Nonlinear Channel Models And Their Simulations PDF Author: Yecai Guo
Publisher: World Scientific
ISBN: 9811249466
Category : Technology & Engineering
Languages : en
Pages : 449

Book Description
This comprehensive compendium highlights the research results of nonlinear channel modeling and simulation. Nonlinear channels include nonlinear satellite channels, nonlinear Volterra channels, molecular MIMO channels, etc.This volume involves wavelet theory, neural network, echo state network, machine learning, support vector machine, chaos calculation, principal component analysis, Markov chain model, correlation entropy, fuzzy theory and other theories for nonlinear channel modeling and equalization.The useful reference text enriches the theoretical system of nonlinear channel modeling and improving the means of establishing nonlinear channel model. It is suitable for engineering technicians, researchers and graduate students in information and communication engineering, and control science and engineering, intelligent science and technology.

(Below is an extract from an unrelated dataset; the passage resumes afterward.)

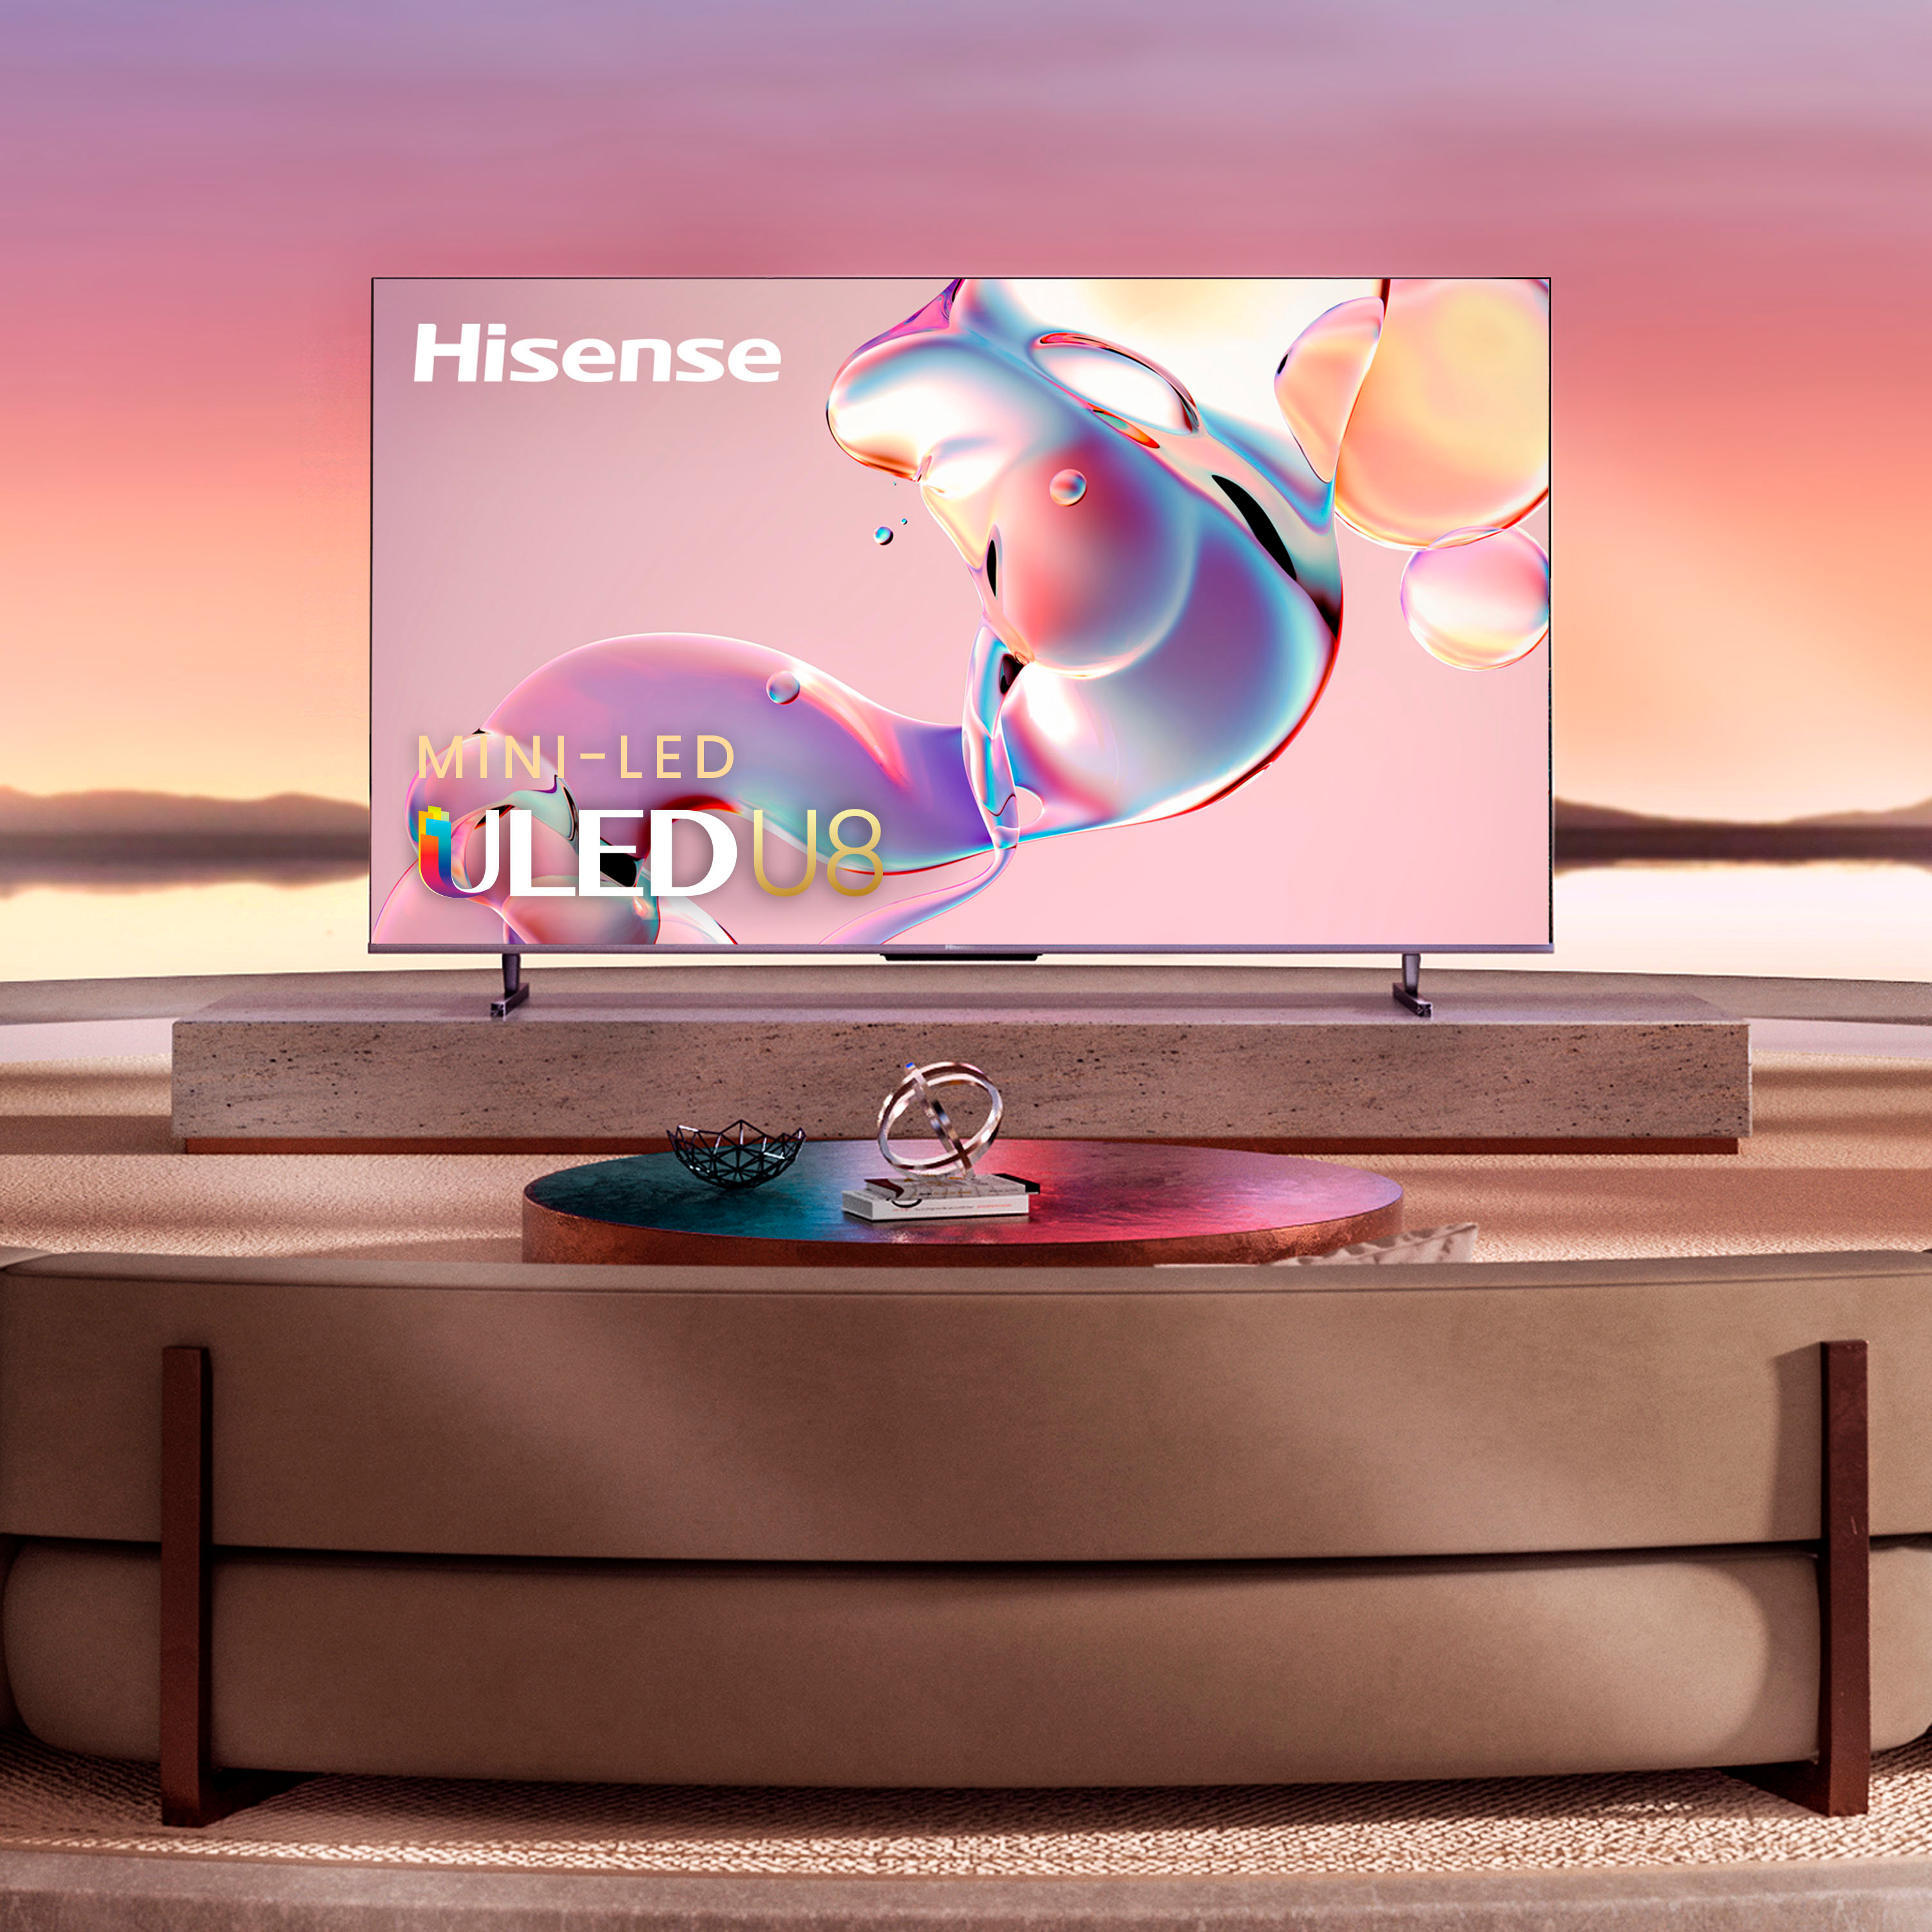 TV HISENSE 55U8KQ (Mini LED - ULED 4K - 55'' - 139 cm - Smart TV)

Nonlinear Channel Models And Their Simulations

Nonlinear Channel Models And Their Simulations PDF Author: Yecai Guo
Publisher: World Scientific
ISBN: 9811249466
Category : Technology & Engineering
Languages : en
Pages : 449

Book Description
This comprehensive compendium highlights the research results of nonlinear channel modeling and simulation. Nonlinear channels include nonlinear satellite channels, nonlinear Volterra channels, molecular MIMO channels, etc.This volume involves wavelet theory, neural network, echo state network, machine learning, support vector machine, chaos calculation, principal component analysis, Markov chain model, correlation entropy, fuzzy theory and other theories for nonlinear channel modeling and equalization.The useful reference text enriches the theoretical system of nonlinear channel modeling and improving the means of establishing nonlinear channel model. It is suitable for engineering technicians, researchers and graduate students in information and communication engineering, and control science and engineering, intelligent science and technology.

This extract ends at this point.